The SHL program will allow livery vehicle owners to license and outfit their vehicles with green borough taxi branding, meters, credit card machines, and ultimately the right to accept street hails in addition to pre-arranged rides.
Credits: Quora
In the given notebook we are considering only the yellow taxis for the time period between Jan - Mar 2015 & Jan - Mar 2016We Have collected all yellow taxi trips data from jan-2015 to dec-2016(Will be using only 2015 data)
file name | file name size | number of records | number of features |
---|---|---|---|
yellow_tripdata_2016-01 | 1. 59G | 10906858 | 19 |
yellow_tripdata_2016-02 | 1. 66G | 11382049 | 19 |
yellow_tripdata_2016-03 | 1. 78G | 12210952 | 19 |
yellow_tripdata_2016-04 | 1. 74G | 11934338 | 19 |
yellow_tripdata_2016-05 | 1. 73G | 11836853 | 19 |
yellow_tripdata_2016-06 | 1. 62G | 11135470 | 19 |
yellow_tripdata_2016-07 | 884Mb | 10294080 | 17 |
yellow_tripdata_2016-08 | 854Mb | 9942263 | 17 |
yellow_tripdata_2016-09 | 870Mb | 10116018 | 17 |
yellow_tripdata_2016-10 | 933Mb | 10854626 | 17 |
yellow_tripdata_2016-11 | 868Mb | 10102128 | 17 |
yellow_tripdata_2016-12 | 897Mb | 10449408 | 17 |
yellow_tripdata_2015-01 | 1.84Gb | 12748986 | 19 |
yellow_tripdata_2015-02 | 1.81Gb | 12450521 | 19 |
yellow_tripdata_2015-03 | 1.94Gb | 13351609 | 19 |
yellow_tripdata_2015-04 | 1.90Gb | 13071789 | 19 |
yellow_tripdata_2015-05 | 1.91Gb | 13158262 | 19 |
yellow_tripdata_2015-06 | 1.79Gb | 12324935 | 19 |
yellow_tripdata_2015-07 | 1.68Gb | 11562783 | 19 |
yellow_tripdata_2015-08 | 1.62Gb | 11130304 | 19 |
yellow_tripdata_2015-09 | 1.63Gb | 11225063 | 19 |
yellow_tripdata_2015-10 | 1.79Gb | 12315488 | 19 |
yellow_tripdata_2015-11 | 1.65Gb | 11312676 | 19 |
yellow_tripdata_2015-12 | 1.67Gb | 11460573 | 19 |
Predicting Taxi Demand in New York city for future 10 minutes
Time-series forecasting and Regression
- To find number of pickups, given location cordinates(latitude and longitude) and time, in the query reigion and surrounding regions.
To solve the above we would be using data collected in Jan - Mar 2015 to predict the pickups in Jan - Mar 2016.
- Mean Absolute percentage error.
- Mean Squared error.
All below points has outlier's points
- Pickup Latitude and Pickup Longitude
- Dropoff Latitude & Dropoff Longitude
- Trip Durations
- Speed
- Trip Distance
- Total Fare
When we plot BoxCox plot we observe outliers in above column so we simply remove those outliers
We divide whole city into 40 parts and segmentation was done depends on no of frequecy for taxi demand.

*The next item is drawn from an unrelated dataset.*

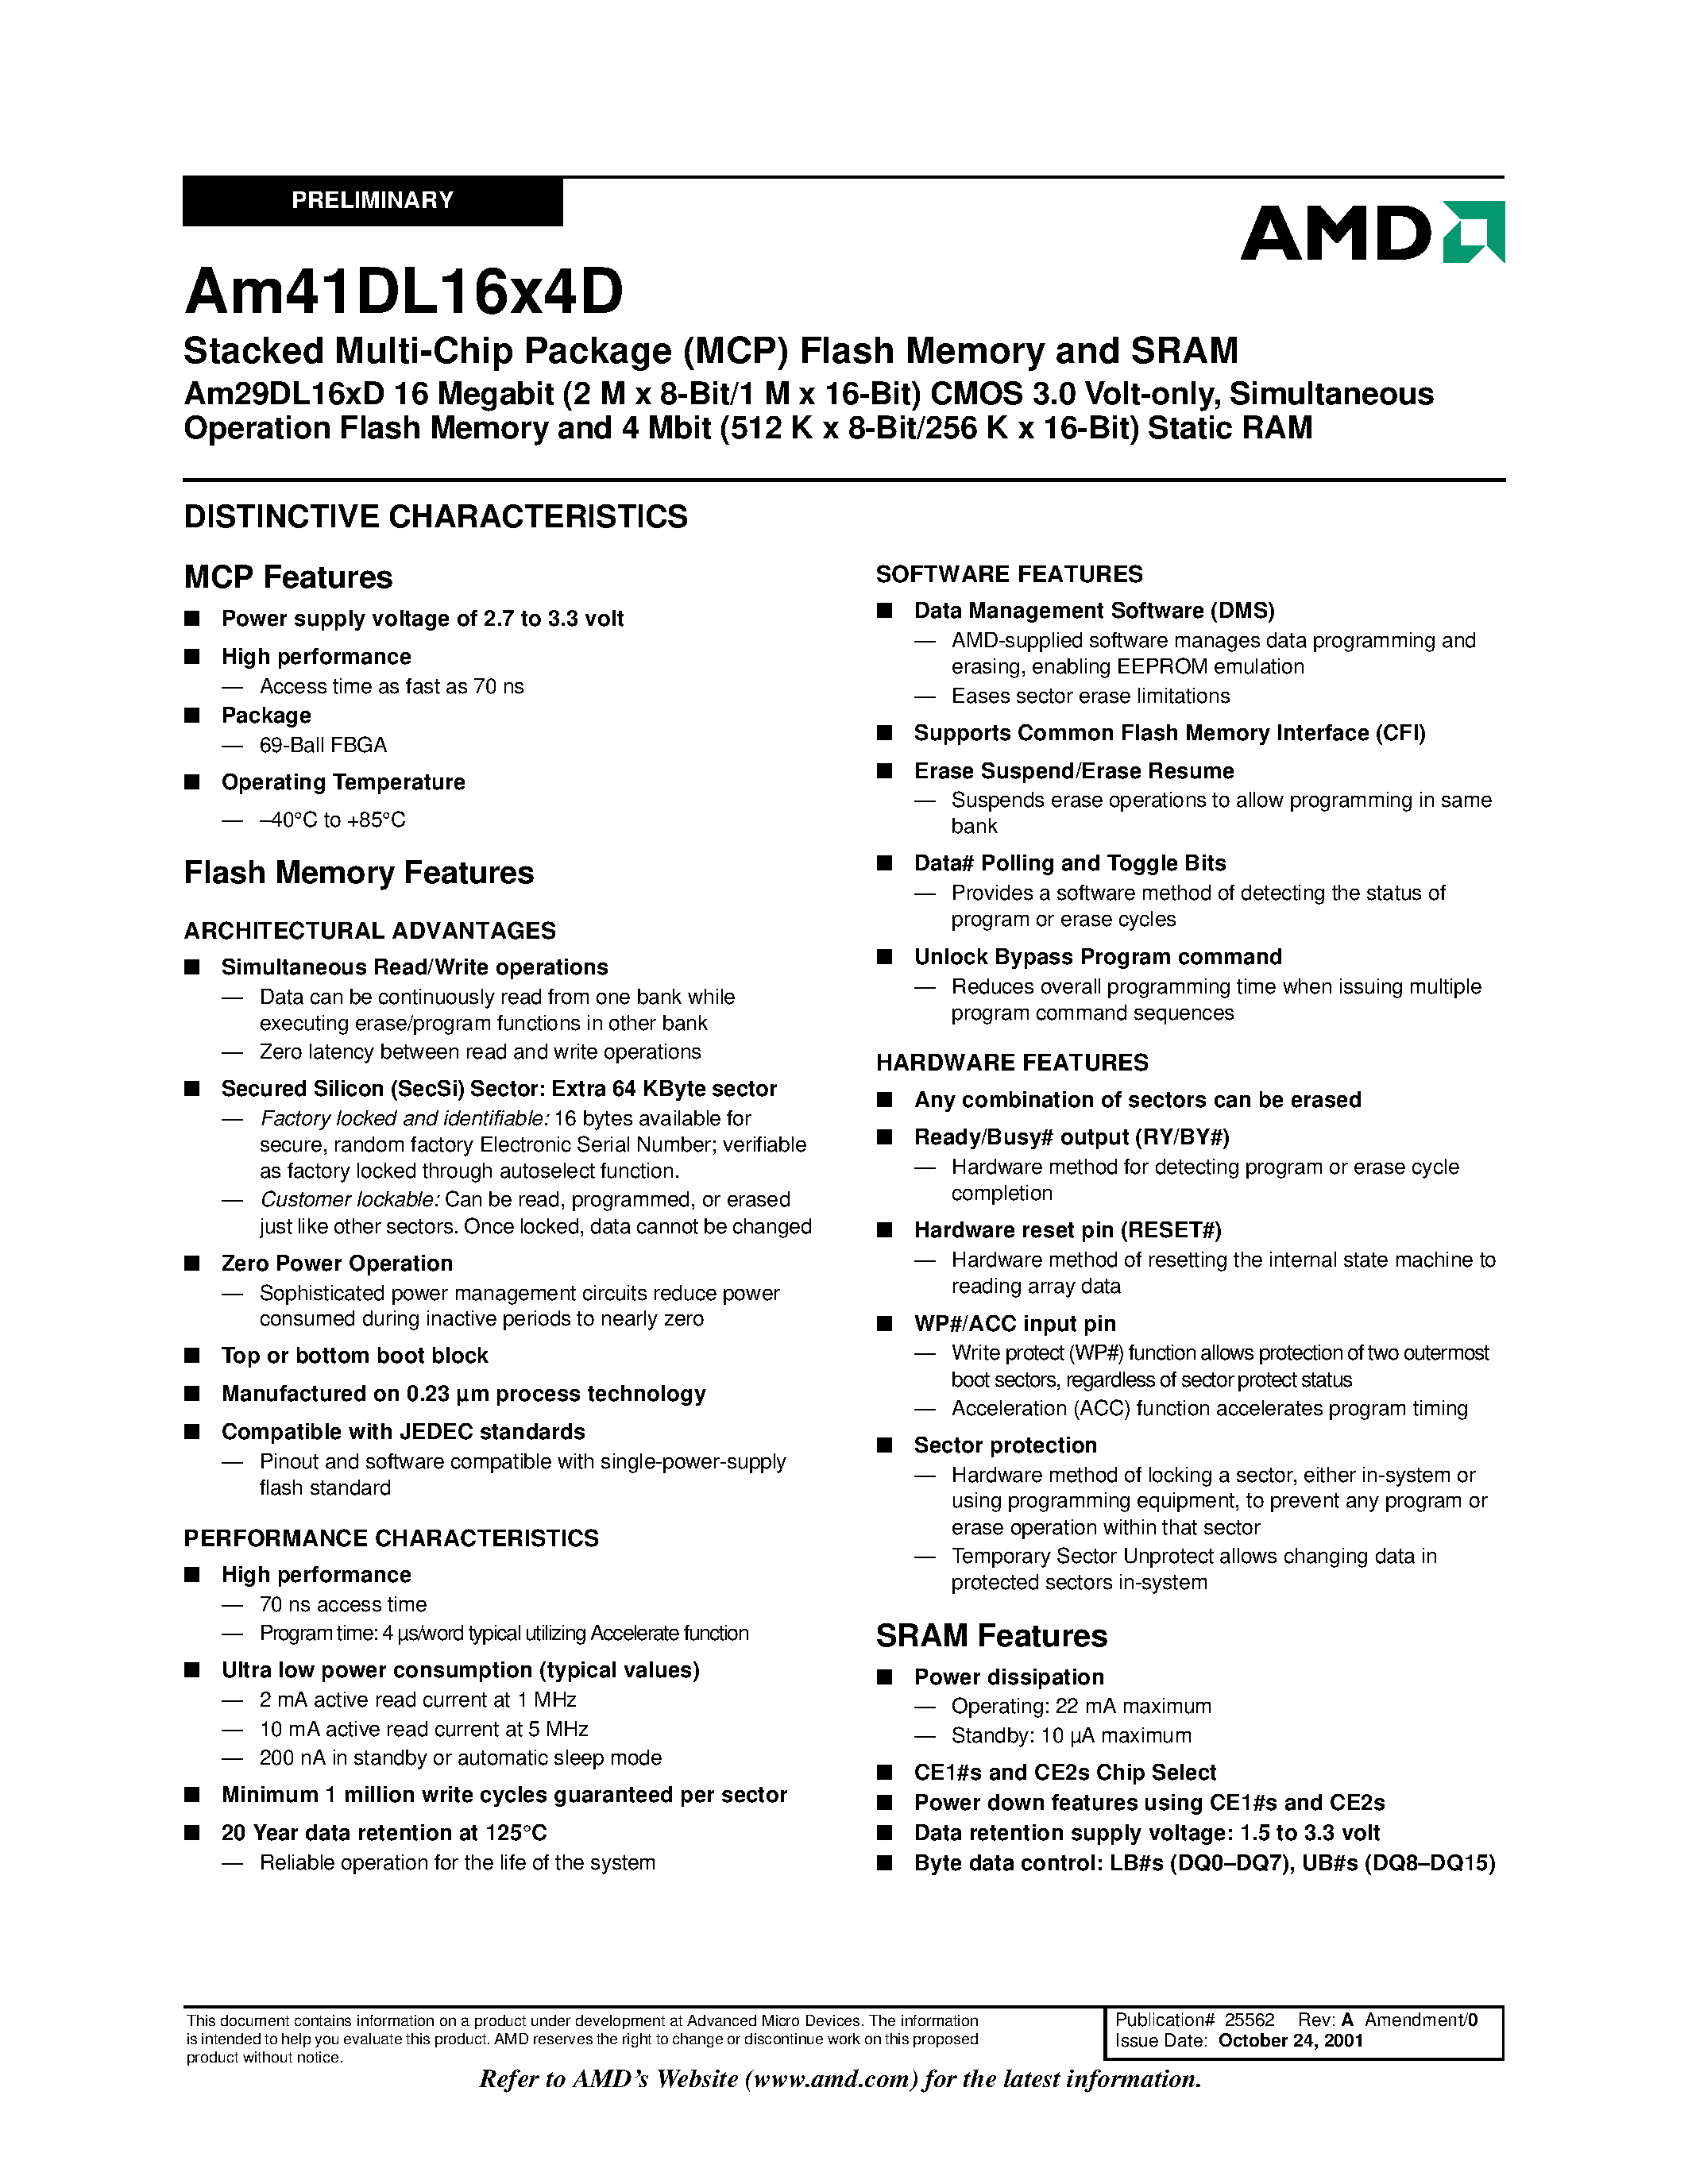 Datasheet AM41DL16X4D - Simultaneous Operation Flash Memory page 2

If certain segment has more numbers of trips then area of that segment is relatively small, if numbers of trip are less then area of that segment is large.

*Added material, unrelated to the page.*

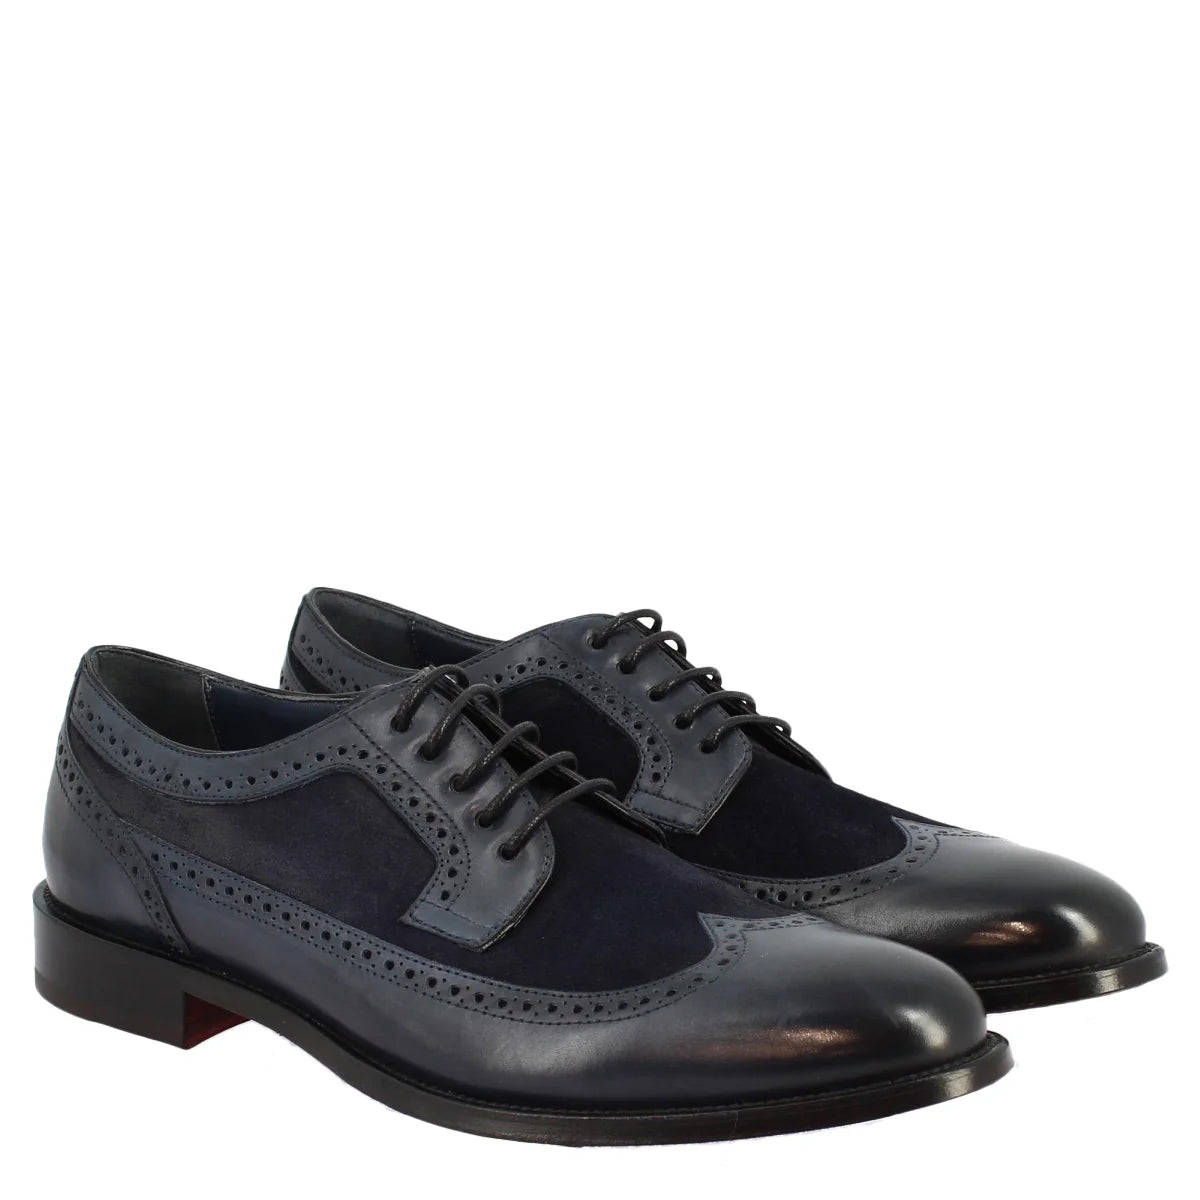 Blue calf and suede half brogues shoes

We has used KMeans algorithm for segmentation of whole new york city.
As we divided whole city into segments, we also have divided time bin into parts.
As we know that we are dealing with time series data. we have to consider statistic terminological based model.
- Simple Moving Average
- Weighted Moving Average
- Exponential Weighted Moving Averages
As we know that it is Time Series problem we cannot randomize the data, 70% data will use for training and 30% data we will use as test data.
Exponential Model MAPE : 0.1349
Liner Regression MAPE : 0.13468
Random Forest MAPE: 0.13438
XGBoost MAPE : 0.1392
Holt Winter forecasting
Then we used "Triple Exponential Smoothing" and then again train on Random Forest and XGBOOST.
Random Forest MAPE: 0.04657
XGBoost MAPE : 0.02932
- Holt-Winter forecasting, triple exponential forecasting is tremendous feature for this task. Even hyperparam tunig in holt winter is also crucial. It reduce MAPE to 0.02 which is brillint.
- Without Holt-Winter feature, MAPE value was not reducing more than 13. Even with LSTM model.